2. the method of claim 1, comprising the steps of: adding 7-diethylamino-2-oxo-1, 2-dihydroquinoline-3-formaldehyde, 7-diethylaminocoumarin-3-ethanone and a solvent into a reaction bottle, heating and stirring to dissolve solids, adding a catalyst, and stirring and refluxing; and after the reaction is finished, carrying out suction filtration and purification to obtain the ratio type probe for detecting mercury ions.

3. The method for preparing a ratiometric probe for detecting mercury ions according to claim 2, wherein the molar ratio of 7-diethylamino-2-oxo-1, 2-dihydroquinoline-3-carbaldehyde to 7-diethylaminocoumarin-3-ethanone is 1: 0.5-1.5.

4. The method of claim 2, wherein the solvent is any one of methanol, ethanol, n-propanol, isopropanol or butanol.
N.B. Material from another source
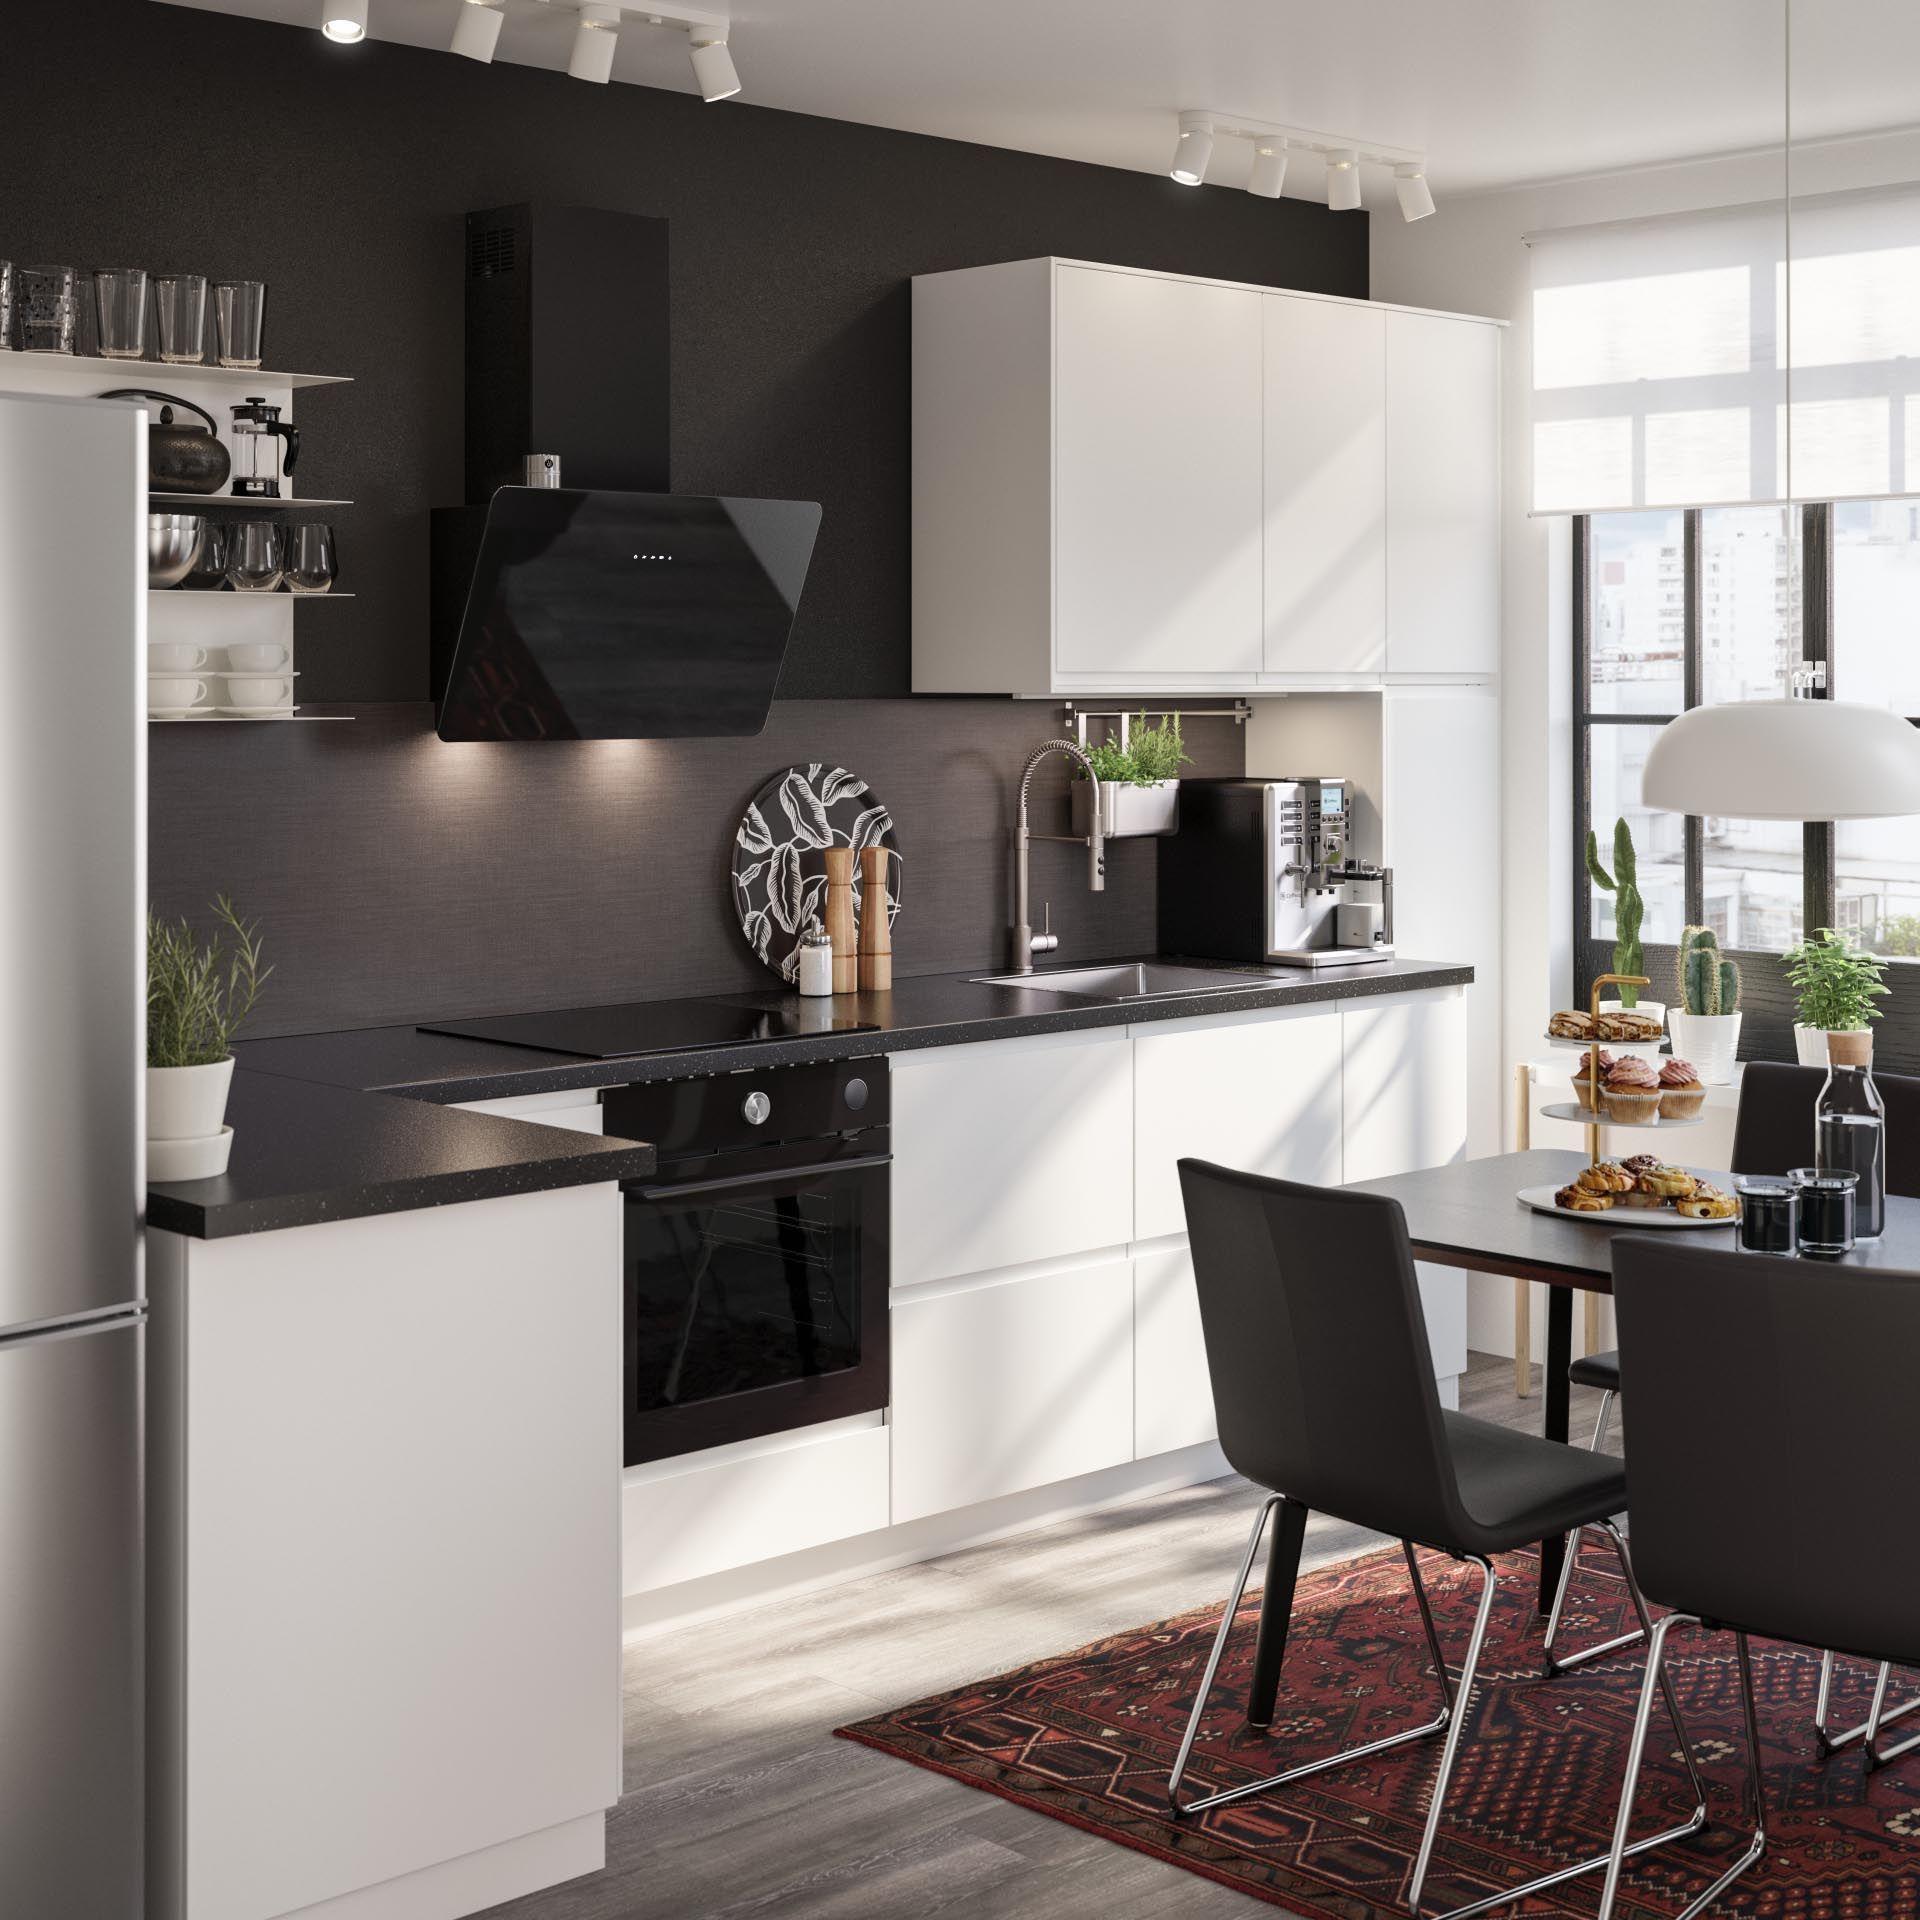 Finsmakare Afzuigkap Wand Zwart Ikea Keuken Idee Keuken Inspiratie Thuisdecoratie

5. The method for preparing a ratiometric probe for detecting mercury ions according to claim 2, wherein the catalyst is a base, or an acid, or a mixture of an acid and a base in any volume ratio.

6. The method for preparing a ratiometric probe for detecting mercury ions according to claim 5, wherein the base is piperidine or pyridine or triethylamine; the acid is acetic acid; the volume ratio of acid to alkali in the acid-alkali mixture is 1: 0.5-3.

7. The method of claim 6, wherein the base in the acid-base mixture is piperidine.

8. The ratiometric probe for detecting mercury ions according to claim 1, for qualitatively identifying and quantitatively detecting mercury ions in preparation of methanol aqueous solution ²⁺ The use of the reagent of (1).